▸ Supplied material:
= = = = = = =
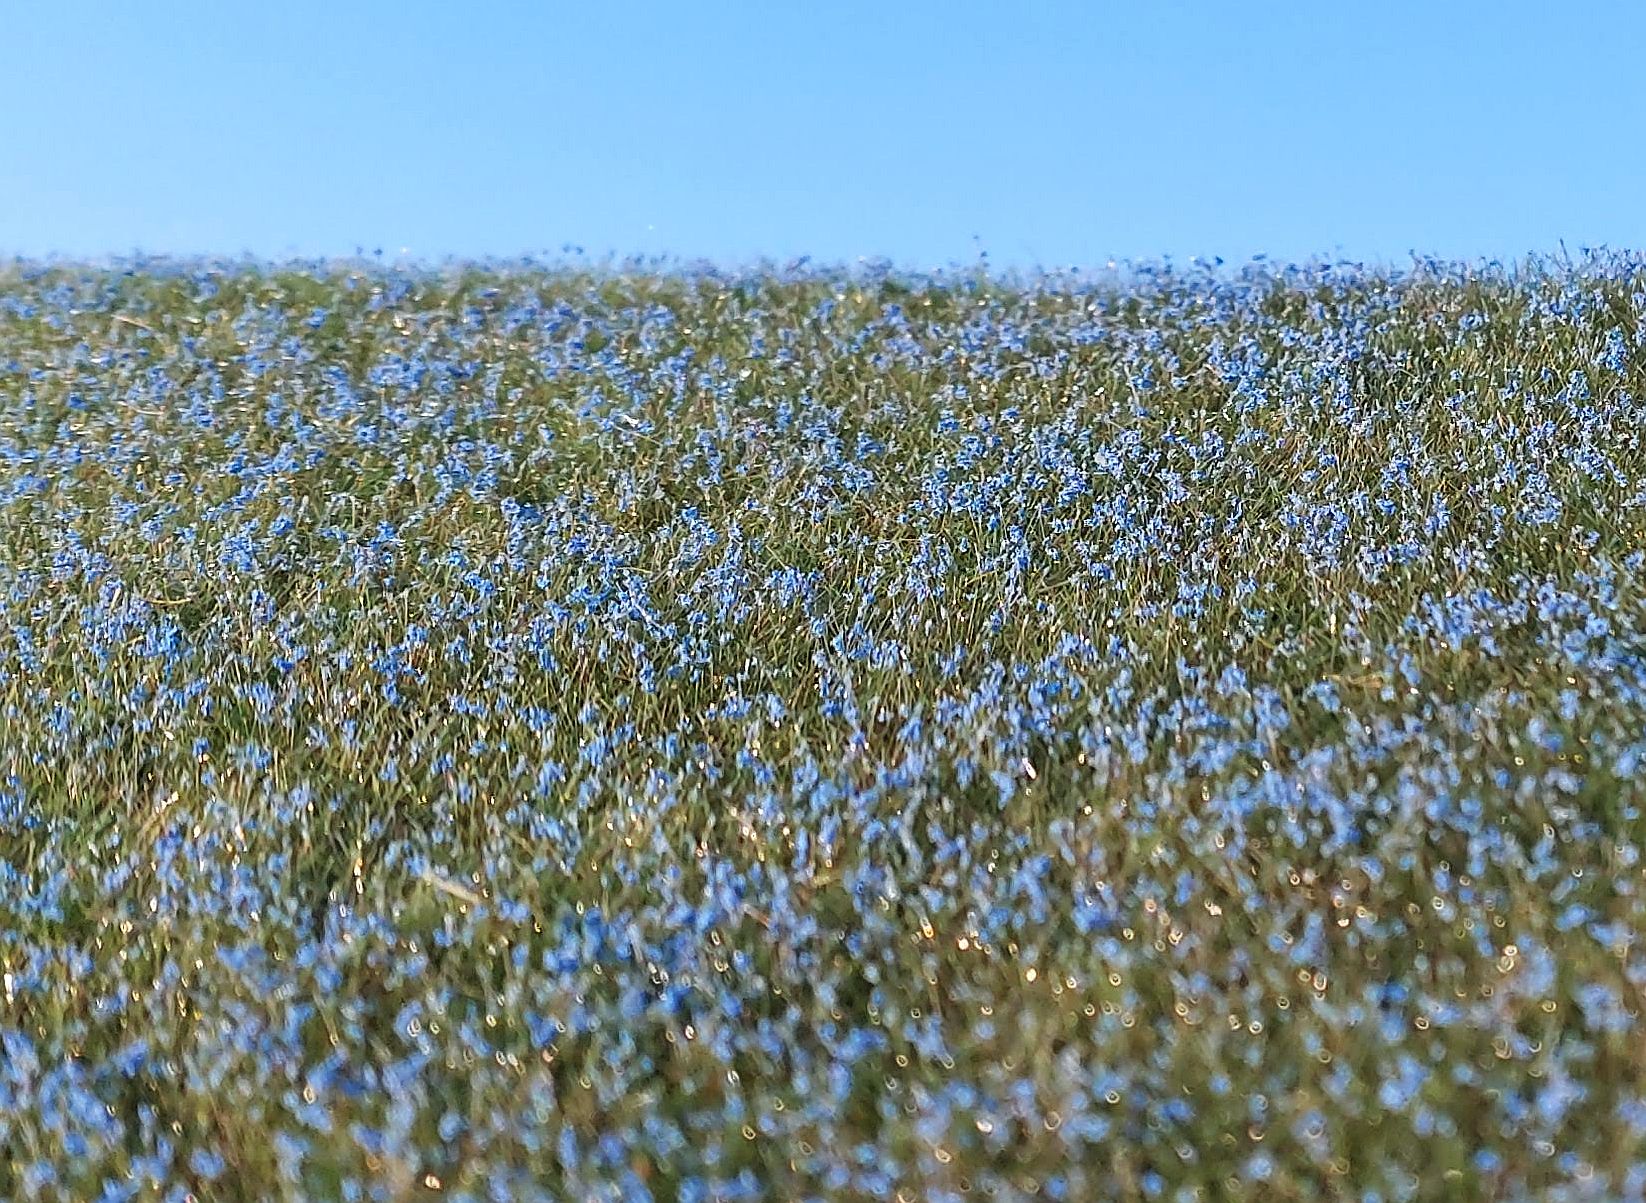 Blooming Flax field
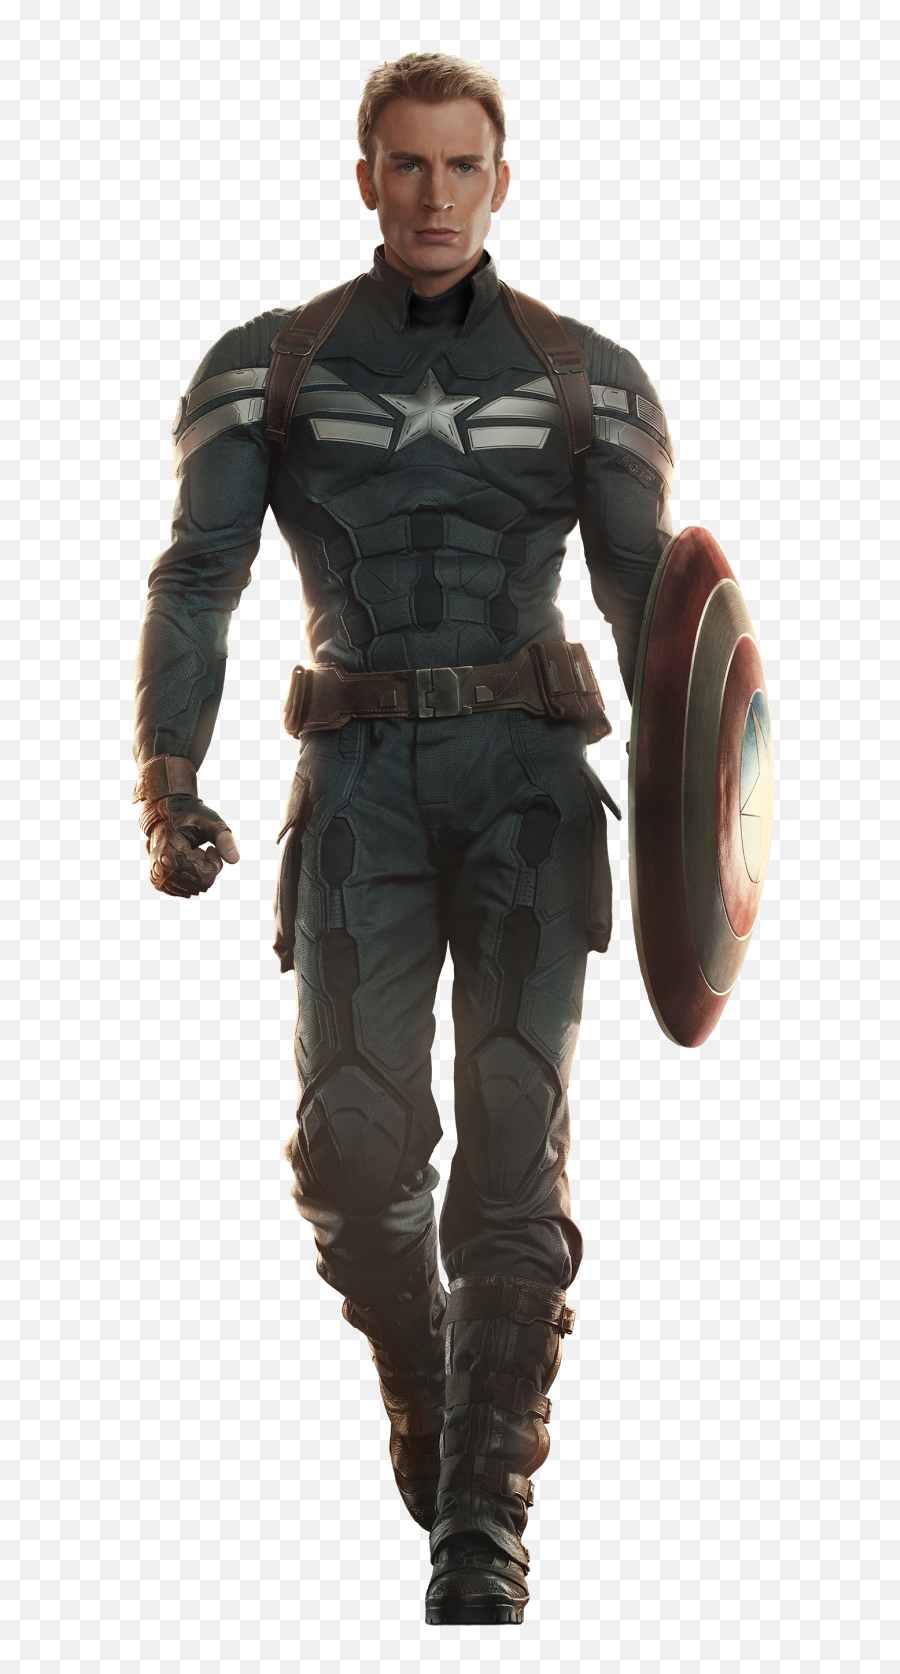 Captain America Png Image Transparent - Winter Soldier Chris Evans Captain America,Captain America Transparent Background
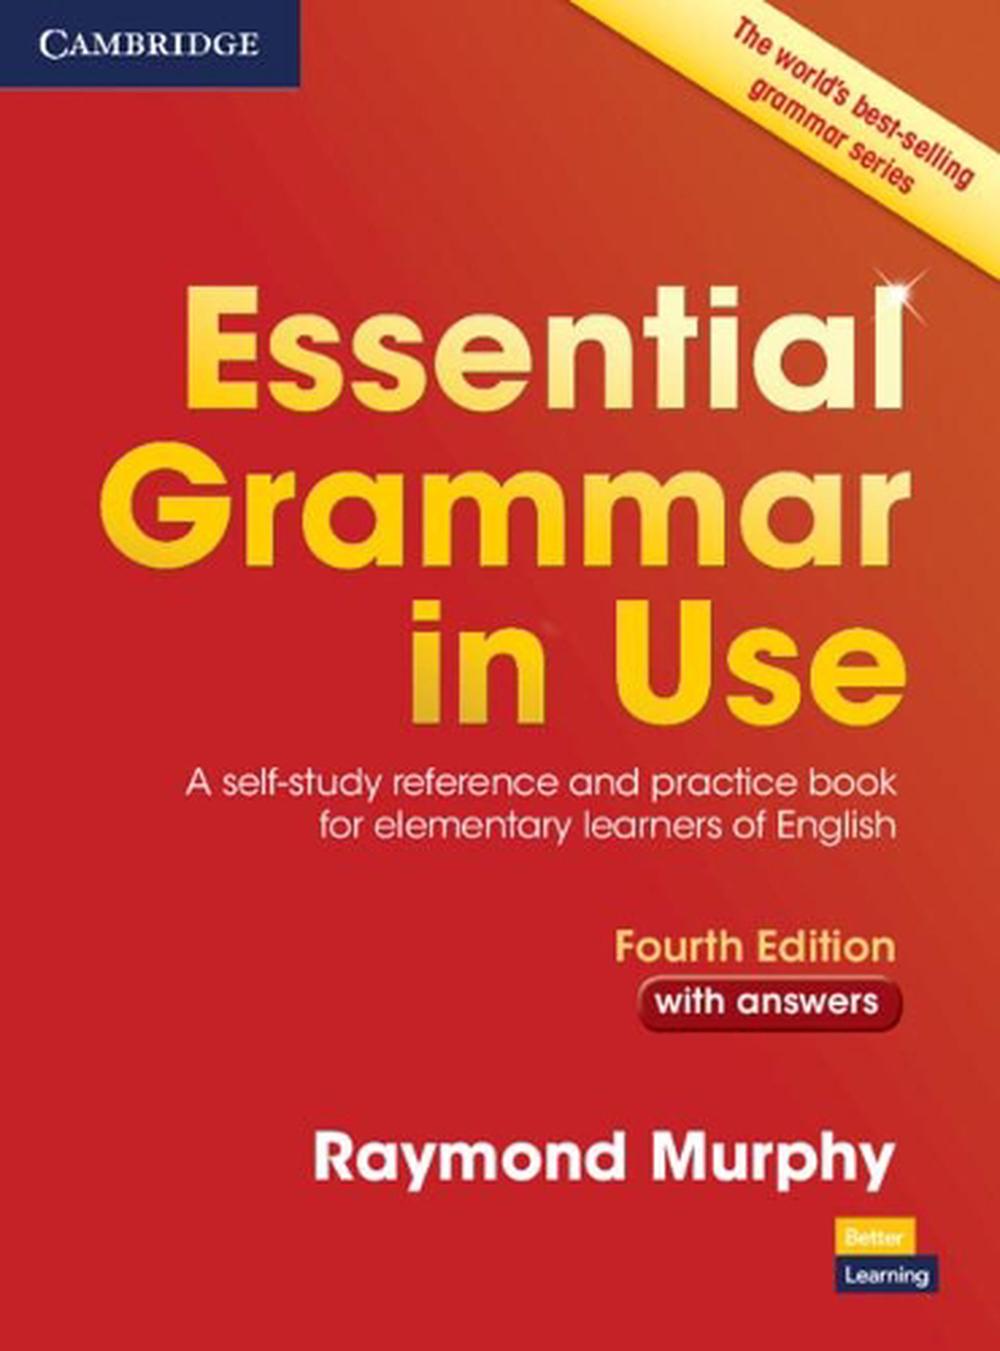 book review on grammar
= = = = = = =
▸ Work to be completed: Would you please write out exactly the lines between the line containing "Captain America Png" and the last line of the listing above, inclusive, without pictures?

▸ The answer:
 Captain America Png Image Transparent - Winter Soldier Chris Evans Captain America,Captain America Transparent Background
 book review on grammar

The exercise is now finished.